Greenland Rope Gymnastics

One item that was going on through much of the competition was the ropes competition. A few of the moves simulate rolling an actual kayak, but many of the moves are simply winter-time one-upmanship. While many Greenlanders may not know how to roll their kayak, many more Greenlanders can at least get the minimum number of points on the ropes (30 for men, 20 for women). These moves can be done indoors throughout the year and pose a much lower risk than learning to roll in frigid waters in limited shared gear. They are also a fun way for kids to play.

The kids started early in the week and, when people weren’t competing, the kids could often be seen playing on the ropes.


kids playing on ropes


Each participant is given 30 minutes to go through the maneuvers they know. There are a number of moves done on the low ropes, and then you move on to the high ropes. It used to be that you could jump around between rope maneuvers but they’ve changed it so that you have to move through the maneuvers in order; you can skip moves if desired, but you can’t return to them once skipped.

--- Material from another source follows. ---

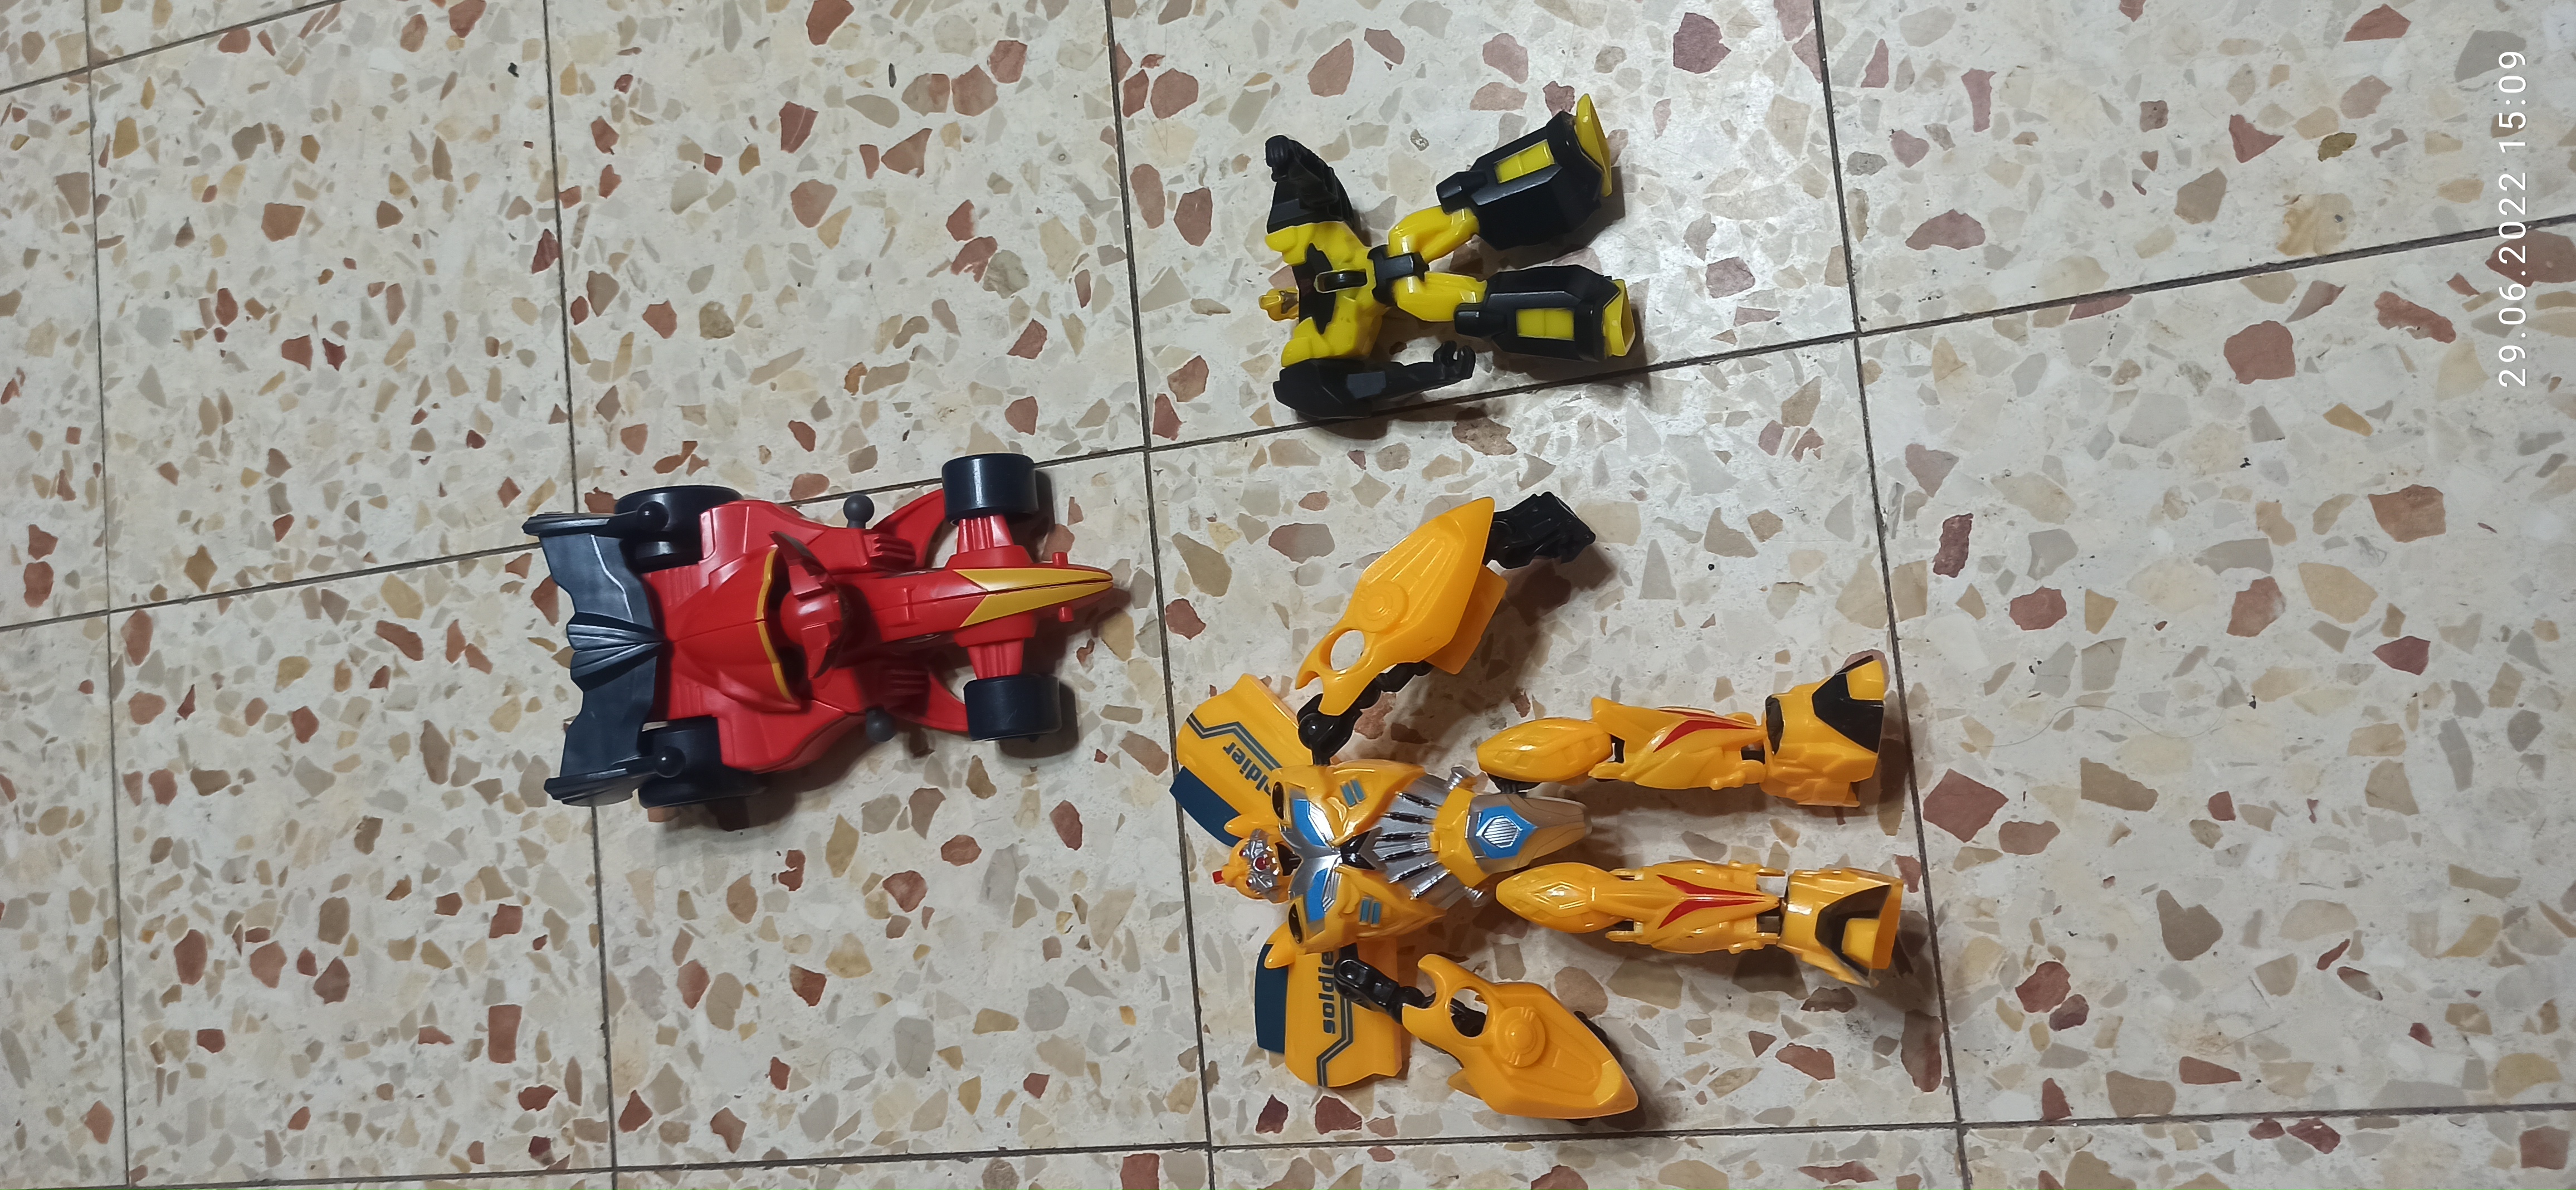 תמונה 1 ,2 רובוטריקים ומכונית של סופרהי למכירה ביבנה לתינוק ולילד  משחקים וצעצועים

This makes more sense from a judging perspective, but it also means that the hardest moves are last, when you’re exhausted from all the previous moves.

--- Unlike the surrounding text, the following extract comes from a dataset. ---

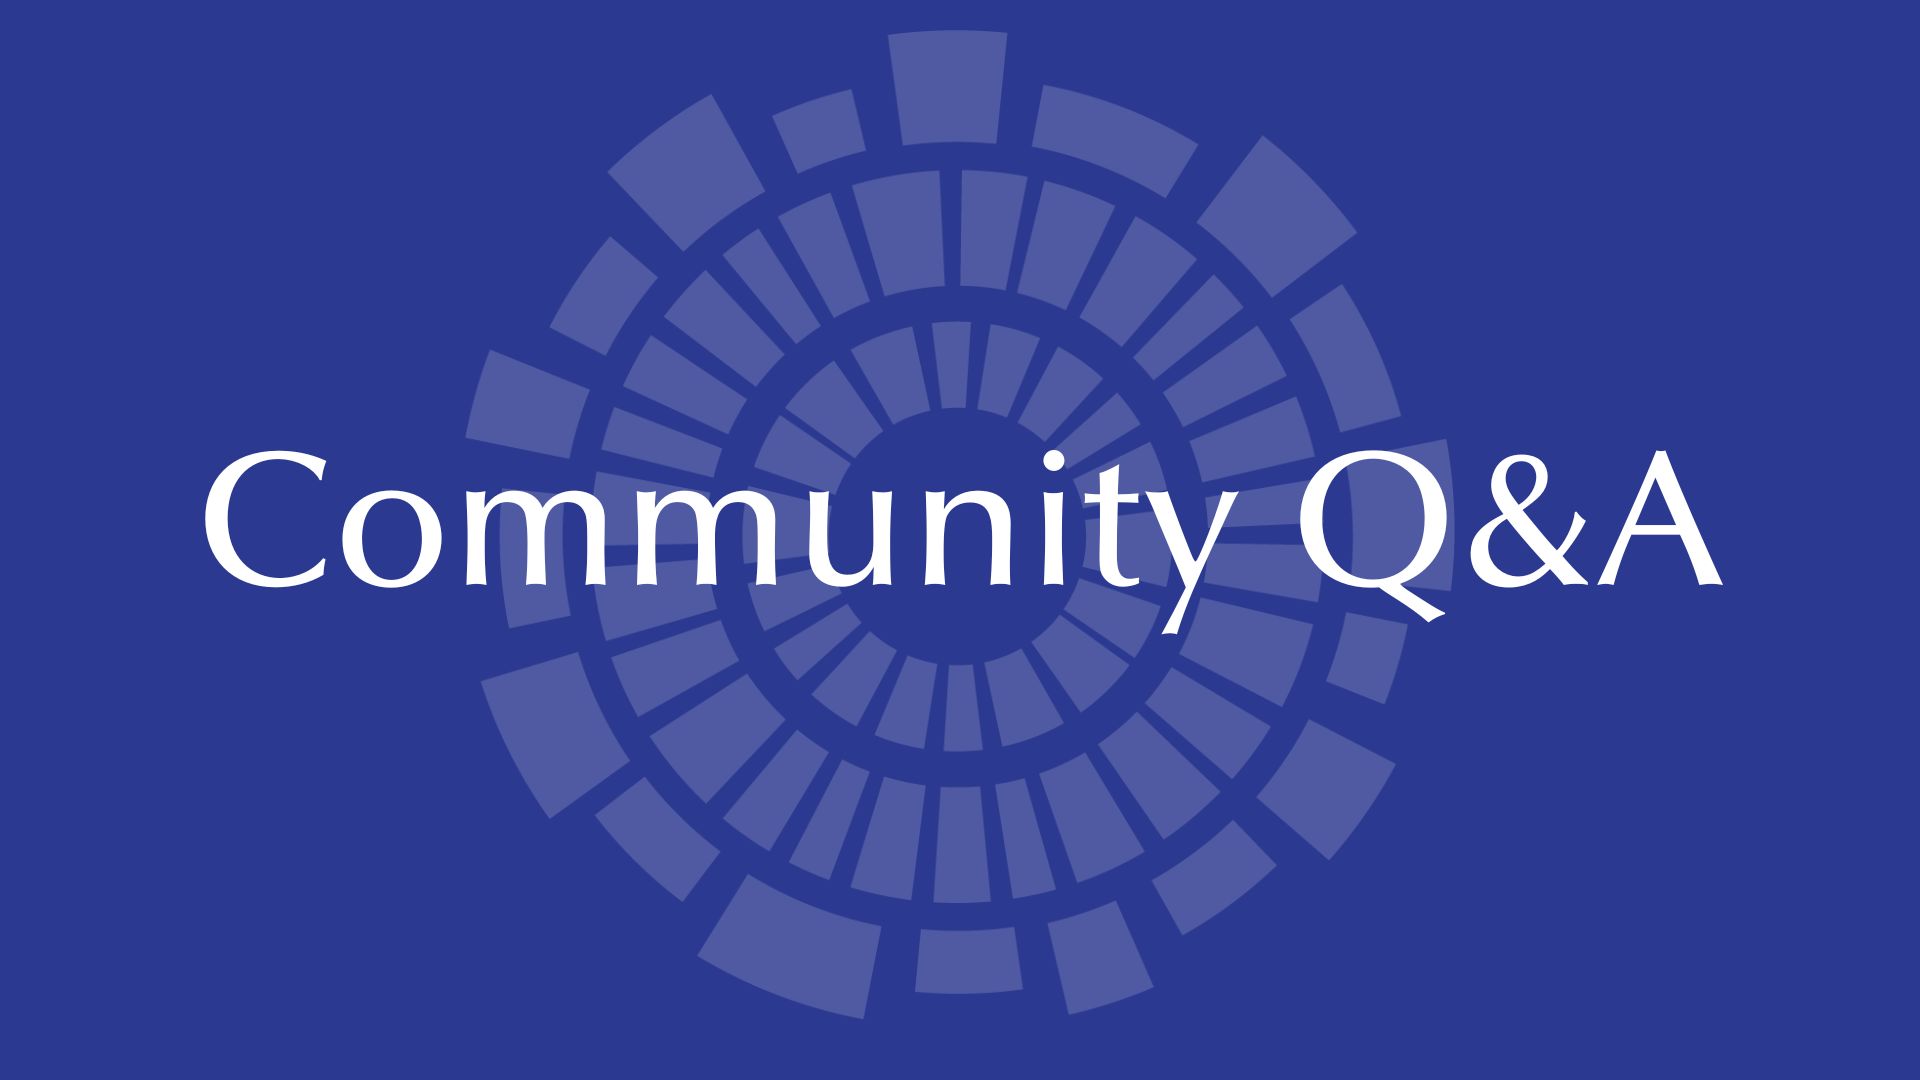 Community Q&A

Lars Pedersen on high ropes - timed hanging


While I had set up ropes at home in hopes of working towards a minimum number of points (which I thought was 30 at the time), a number of unexpected trips left me with little opportunity to build up enough moves on the ropes. Ropes are HARD!

Watching the women perform made me feel a lot better about the few moves I can do. I was really struggling with a number of moves, especially those that require a lot of upper body strength. After watching many people compete on the ropes, I quickly realized that it wasn’t just me. Women do not really have the right physique to do many of the moves.

Looking at the results, the highest scoring woman (220 points) was nearly 300 points away from the top scoring Greenland man (509 points), and she would have scored 7th in the men’s group. As I watched them, I saw that the girls skipped many of the moves I wasn’t able to do, and moved onto others that required a bit more leg strength rather than arm strength.


Ulunnguaq on low ropes


The most amazing performer was Dubside. He scored a world record 721 points, over 200 points higher than the highest scoring Greenlander! Unfortunately, my one regret of the whole trip was not bringing down Richard’s video camera when Dubside performed. A recording of him on ropes would have been worth a lot I’m sure!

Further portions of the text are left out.